In this work, KNbO3/ZnO composites were prepared by the hydrothermal method. The synthesized KNbO3/ZnO was used for the photocatalytic and piezocatalytic degradation of methyl orange (MO) under simulated solar light and ultrasonic vibration. Results showed that KNbO3 introduction elevated the photocatalytic and piezocatalytic performance of ZnO. The stability of the KNbO3/ZnO catalyst and the reactive species during the photo/piezo catalytic reaction were also investigated.

2. Experimental

2.1. Preparation of catalyst

All chemicals used in the manuscript are analytical pure, and were purchased from the Sinopharm Chemical Reagent Co., Ltd. (China).

KNbO3 nanorods were prepared using a hydrothermal method. In brief, 1.222 g (4.6 mmol) of Nb2O5 was added to 70 mL of KOH solution (10 mol/L) and stirred for 1 h. The obtained mixture was then hydrothermally treated at 160 °C for 18 h to obtain white KNbO3 powders.

KNbO3/ZnO catalyst was also synthesized by the hydrothermal method. ZnCl2 solution was prepared via dissolving 0.02 mol (2.7260 g) ZnCl2 in 70 mL of deionized water.
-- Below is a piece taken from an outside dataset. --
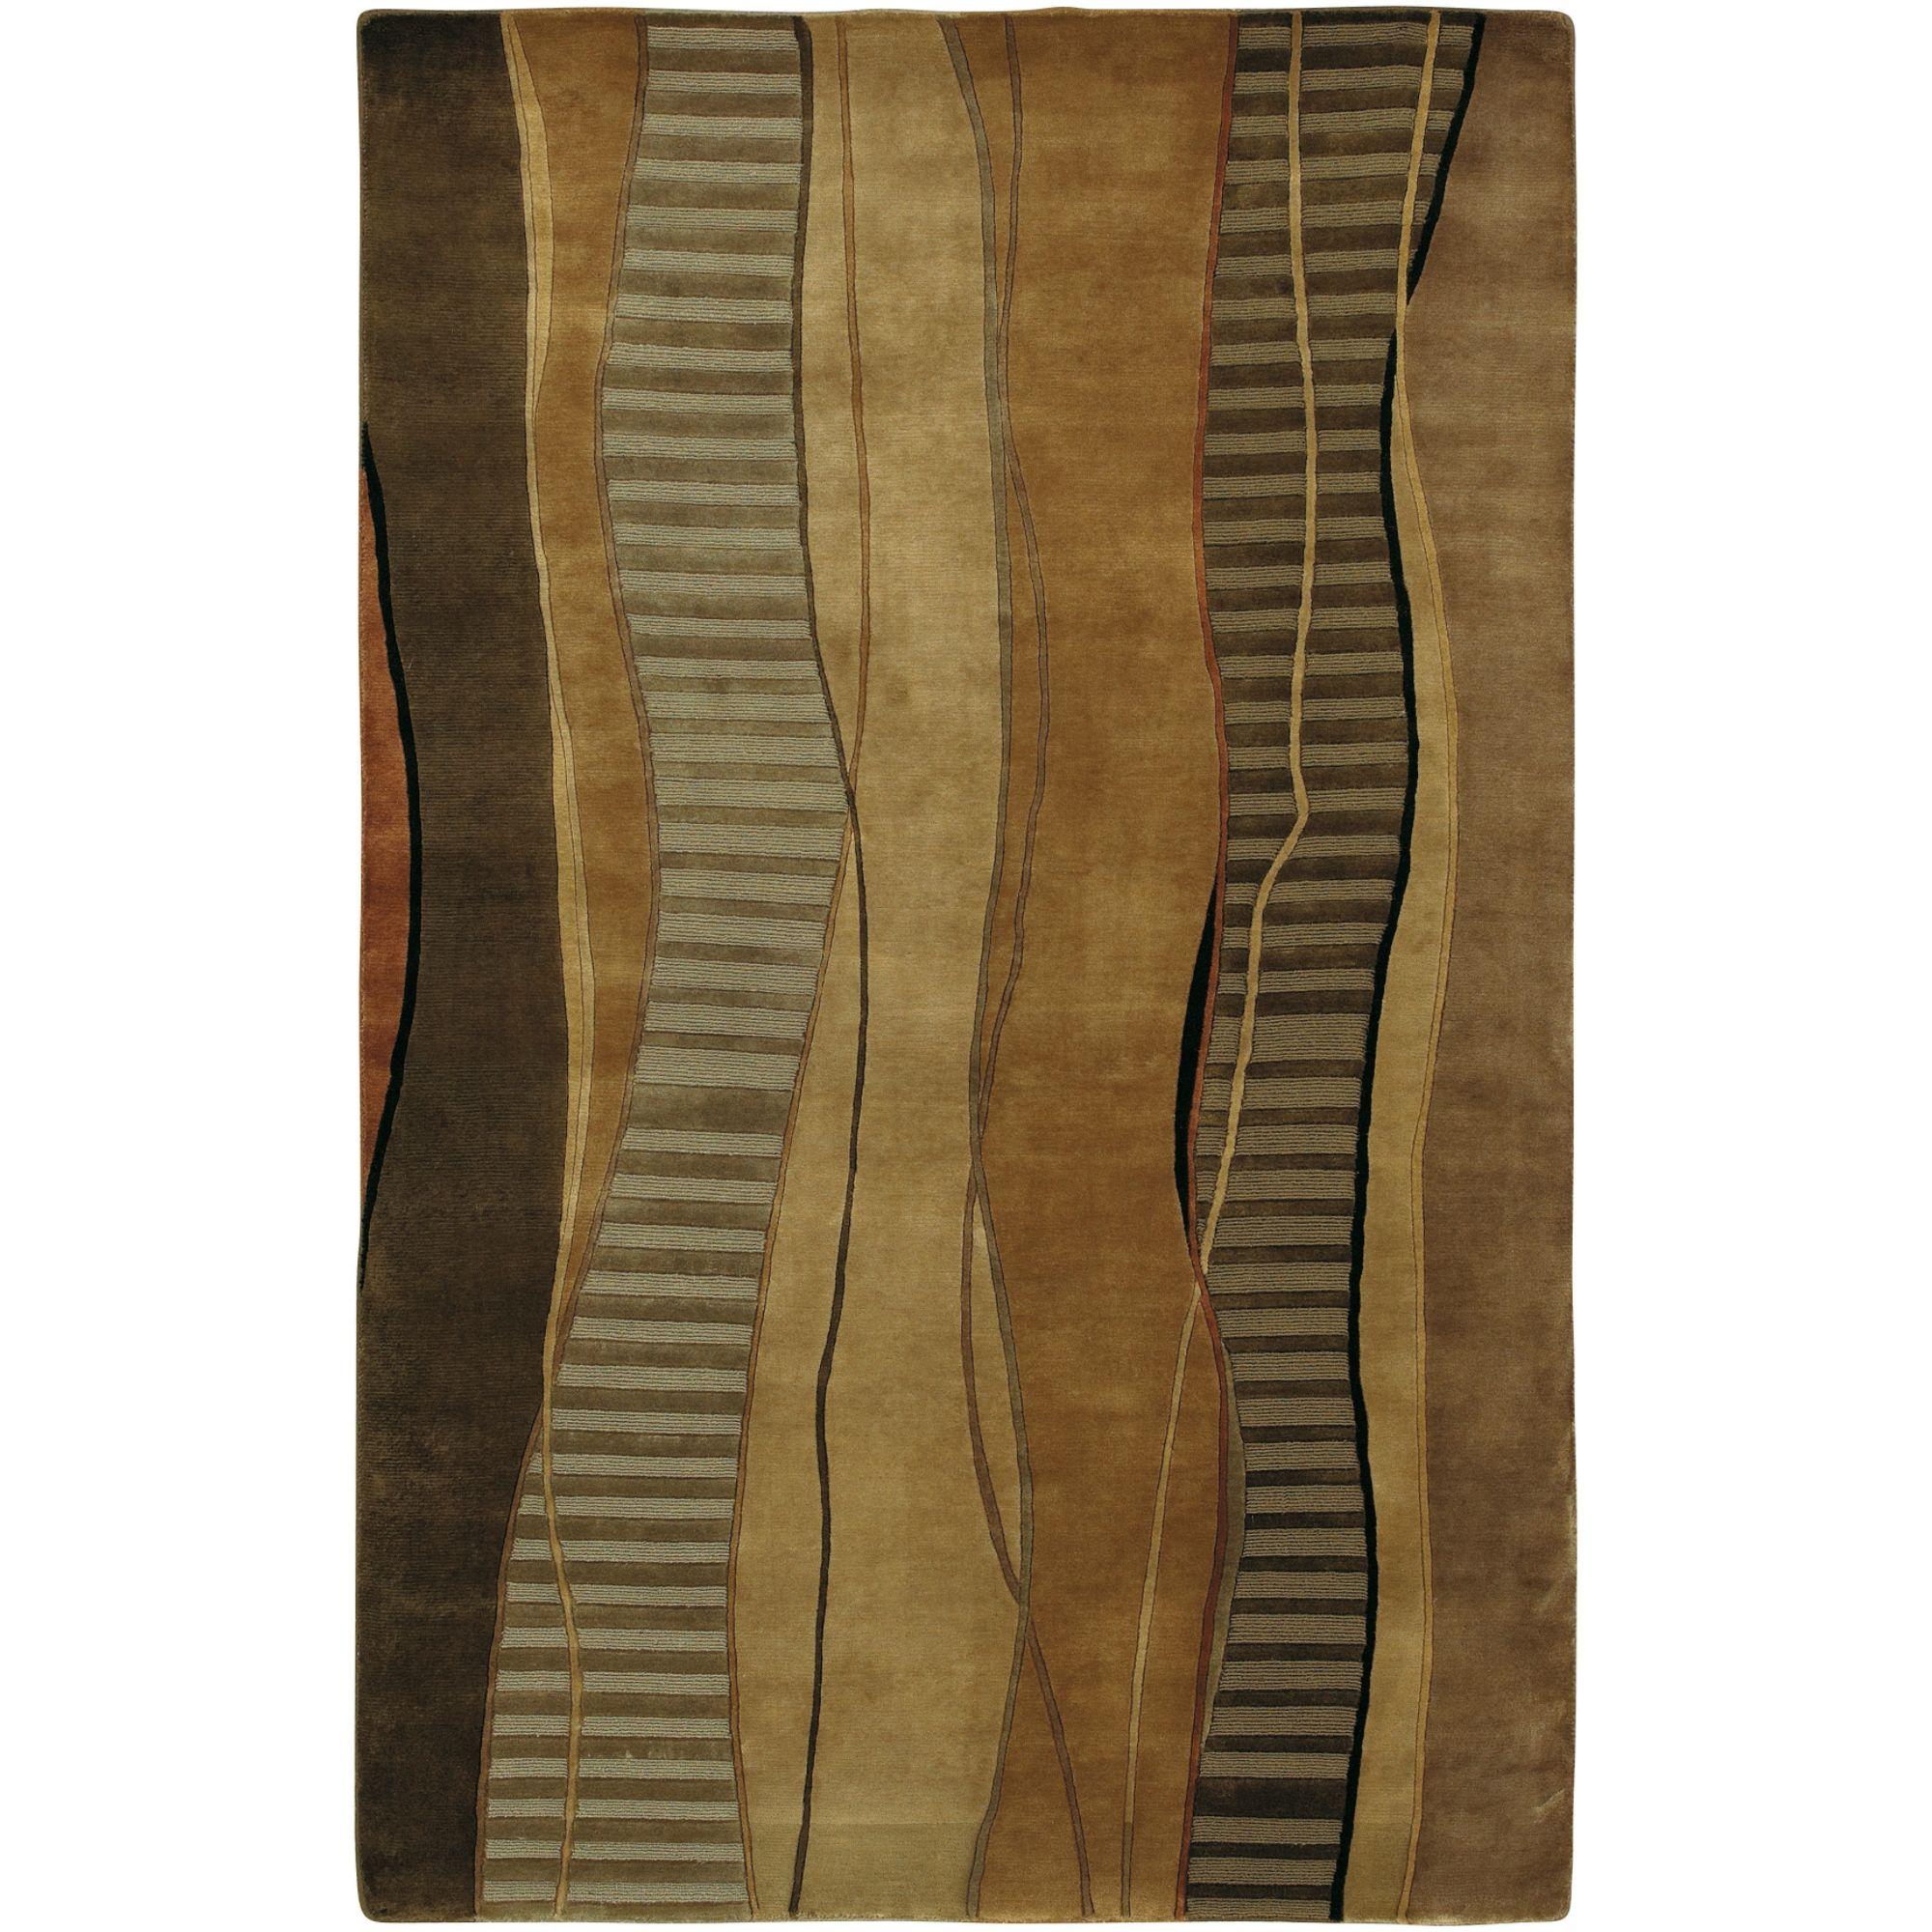 2ft. x 3ft. Mugal Decorative Rug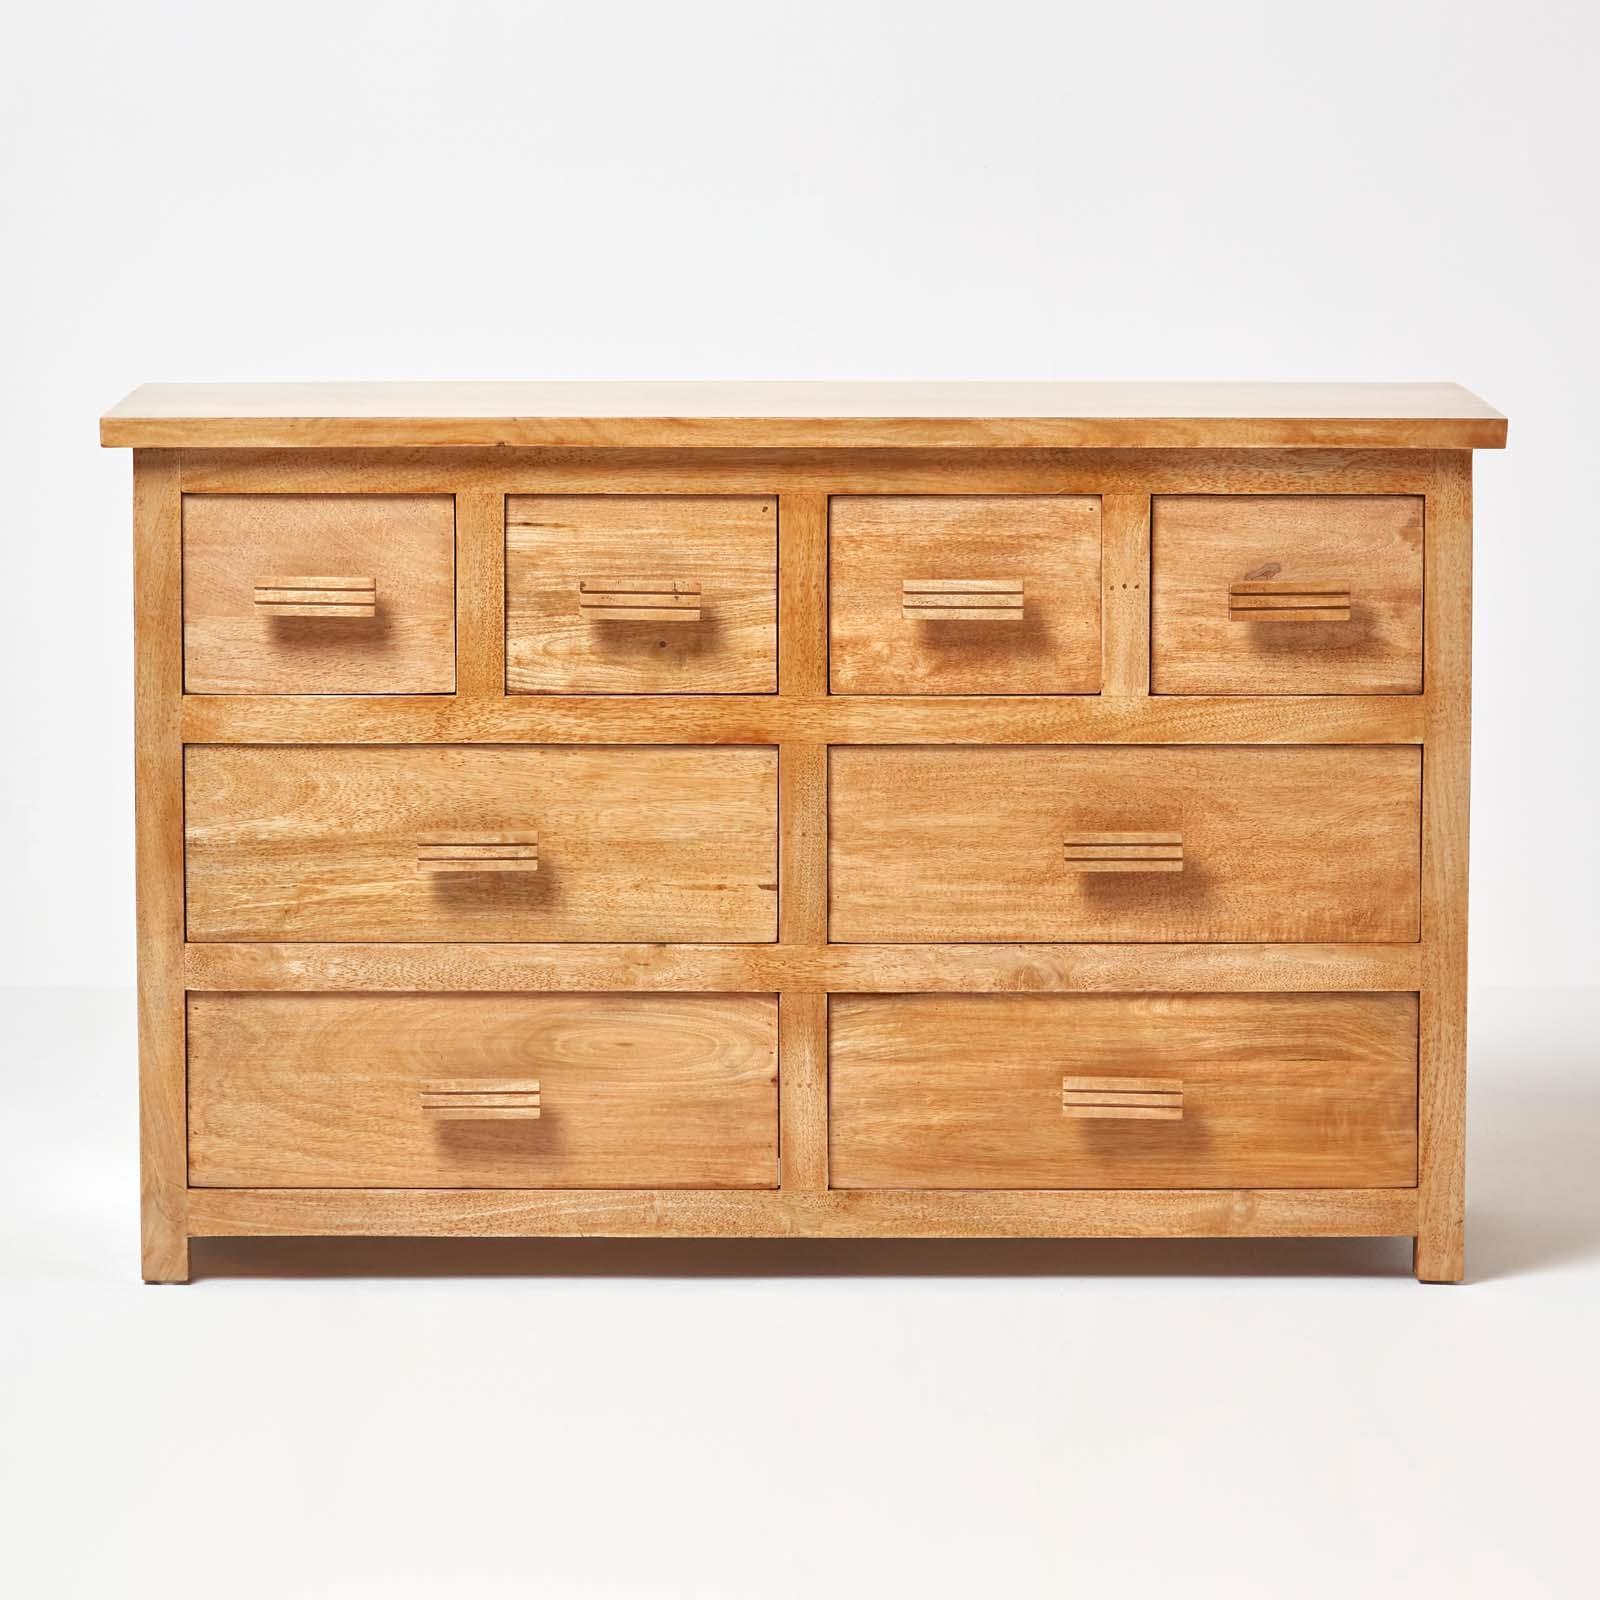 san francisco de94f 9e766 Details about Mangat Wooden Chest of Drawers in Dark wood/Oak Shade, Mango  wood Furniture

A certain amount (0.5%, 1%, and 1.5%) of KNbO3 nanorods was uniformly dispersed in the solution by ultrasonic treatment for 0.2 h. The NaOH solution (5 mol/L, 8 mL) was then added under stirring. After the mixture was treated hydrothermally (100 mL kettle) at 160 °C for 18 h, the KNbO3/ZnO sample was obtained via centrifugation, washing with deionized water and ethanol, and drying at 80 °C for 12 h. In the absence of KNbO3 powders, pristine ZnO was prepared by a similar method.

2.2. Piezocatalytic and photocatalytic experiments

The piezoelectric catalytic activity of different KNbO3/ZnO catalysts was examined by measuring the degradation rate of MO dye under ultrasonic vibration at room temperature. An ultrasonic generator (Jiemeng JP030, 40 kHz, 120 W) was used as the vibration source. In brief, 100 mL of MO solution (10 ppm) was used as the reaction solution, and the catalyst dosage is 0.1 g during each test. Prior to the test, an adsorption–desorption equilibrium between the catalyst and MO solution was established via continuous stirring for 1 h. During the reaction, 3 mL of the solution was collected at every 15 min interval, and the MO concentration was measured with a UV–vis spectrophotometer (Beijing Purkinje, TU-1950). Piezocatalytic experiments with different scavengers were also implemented in the same way, and the scavenger concentration is 0.001 mol/L.

The photocatalytic activity of the KNbO3/ZnO composites was investigated by conducting the photocatalytic degradation of MO under simulated sunlight. The catalytic test is the same as that of the piezocatalytic procedure, except for the vibration source that was replaced by a Xe lamp (Perfect Light, PLS-SXE300, 300 W, 300 nm < λ < 1000 nm).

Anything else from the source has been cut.